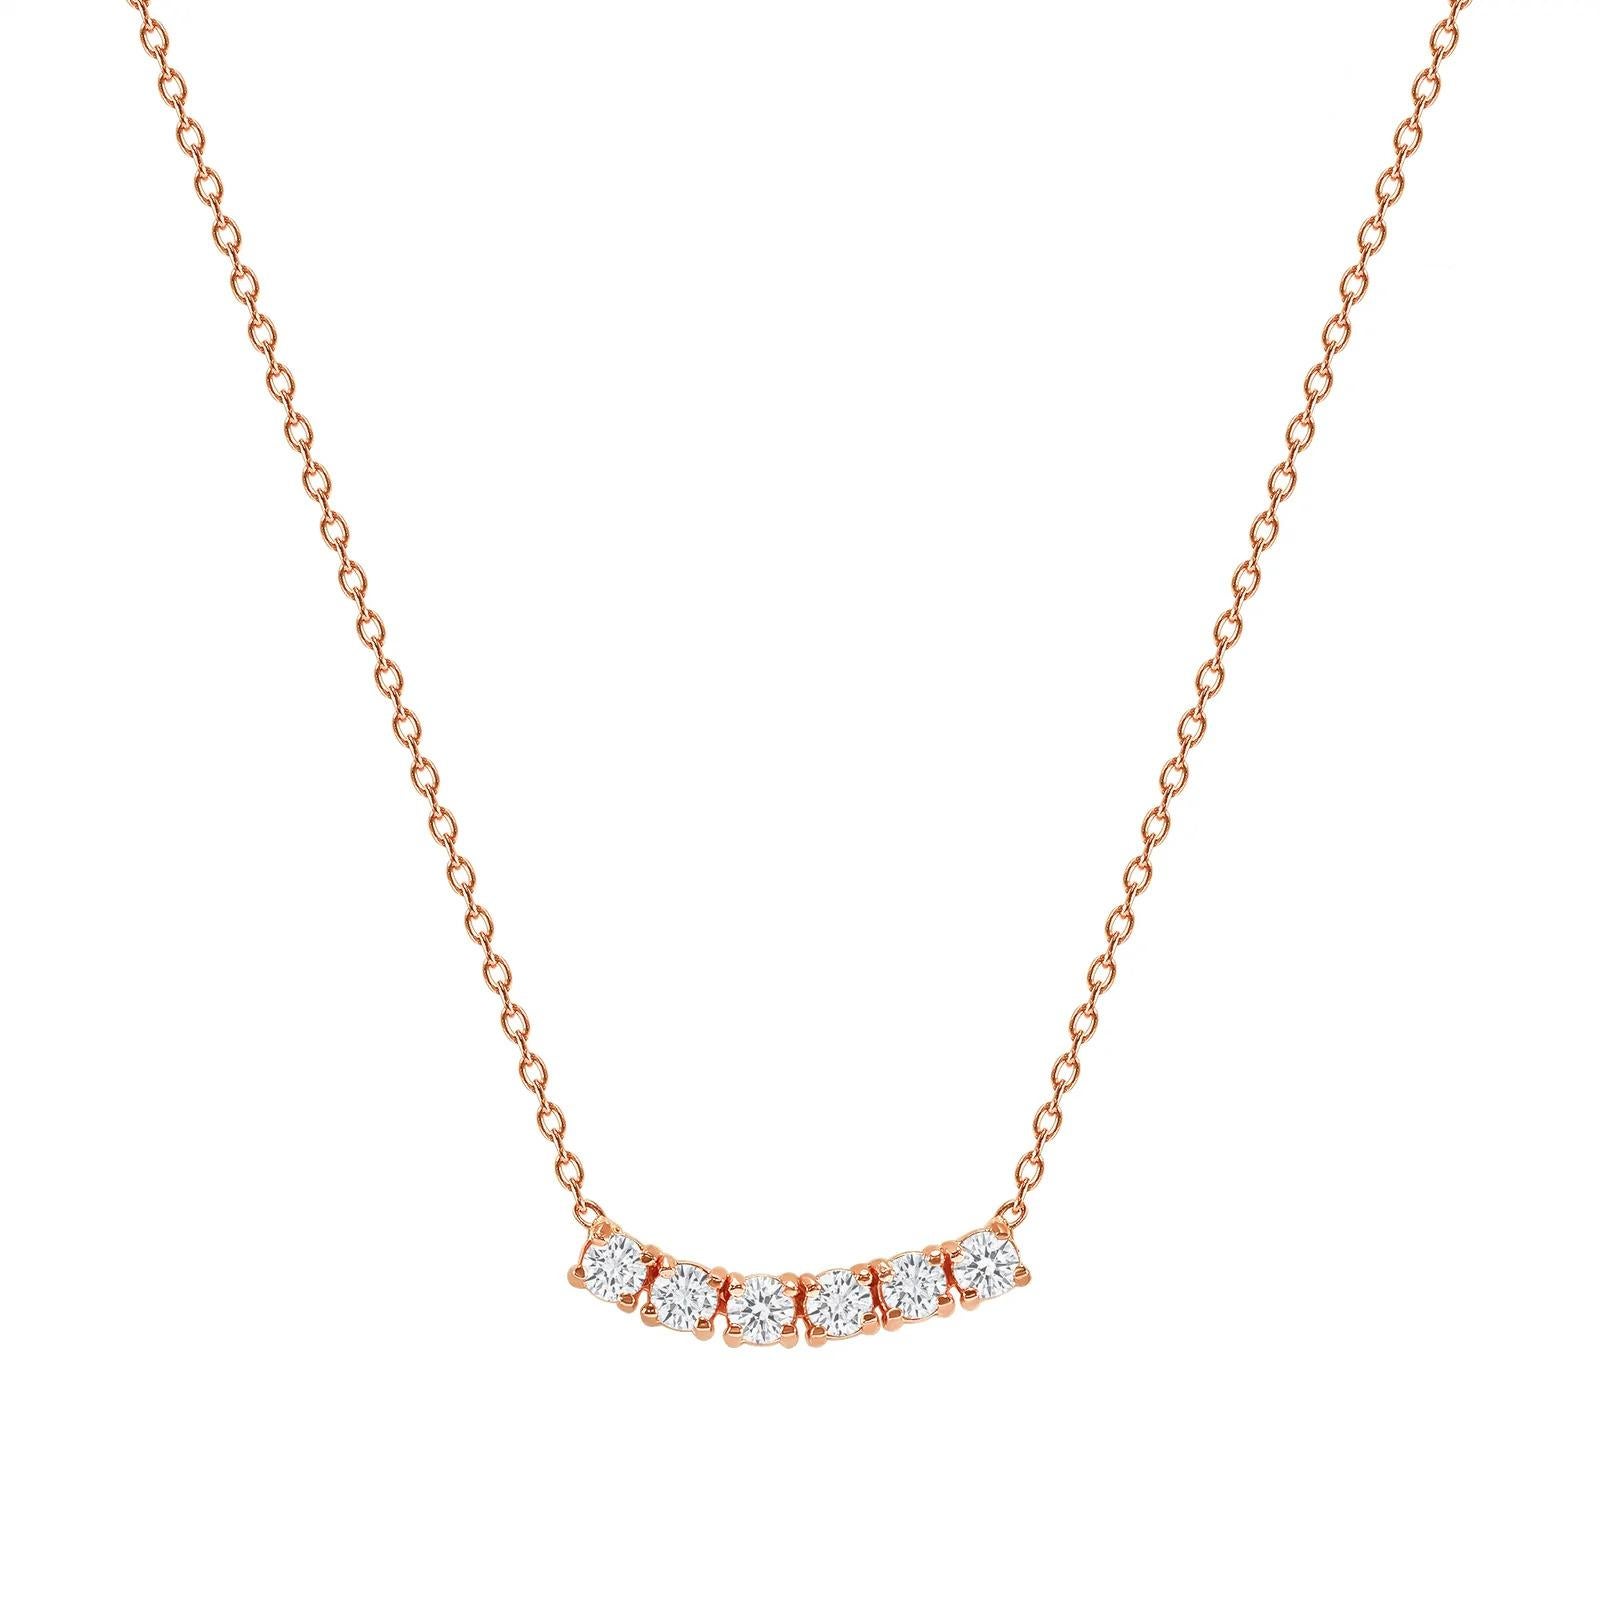 This petite, curved diamond necklace is crafted with gorgeous 14k gold set with six round diamonds.  

Gold: 14k 
Diamond Total Carats: 1 ct
Diamond Cut: Round (6 diamonds)
Diamond Clarity: VS
Diamond Color: F
Color: Rose Gold
Necklace Length: 24

○ ○ ○ ○

PROBLEM - Once the images are set aside, retype all of the material above exactly.

RESULT OF THE EXERCISE -
 This petite, curved diamond necklace is crafted with gorgeous 14k gold set with six round diamonds.  

Gold: 14k 
Diamond Total Carats: 1 ct
Diamond Cut: Round (6 diamonds)
Diamond Clarity: VS
Diamond Color: F
Color: Rose Gold
Necklace Length: 24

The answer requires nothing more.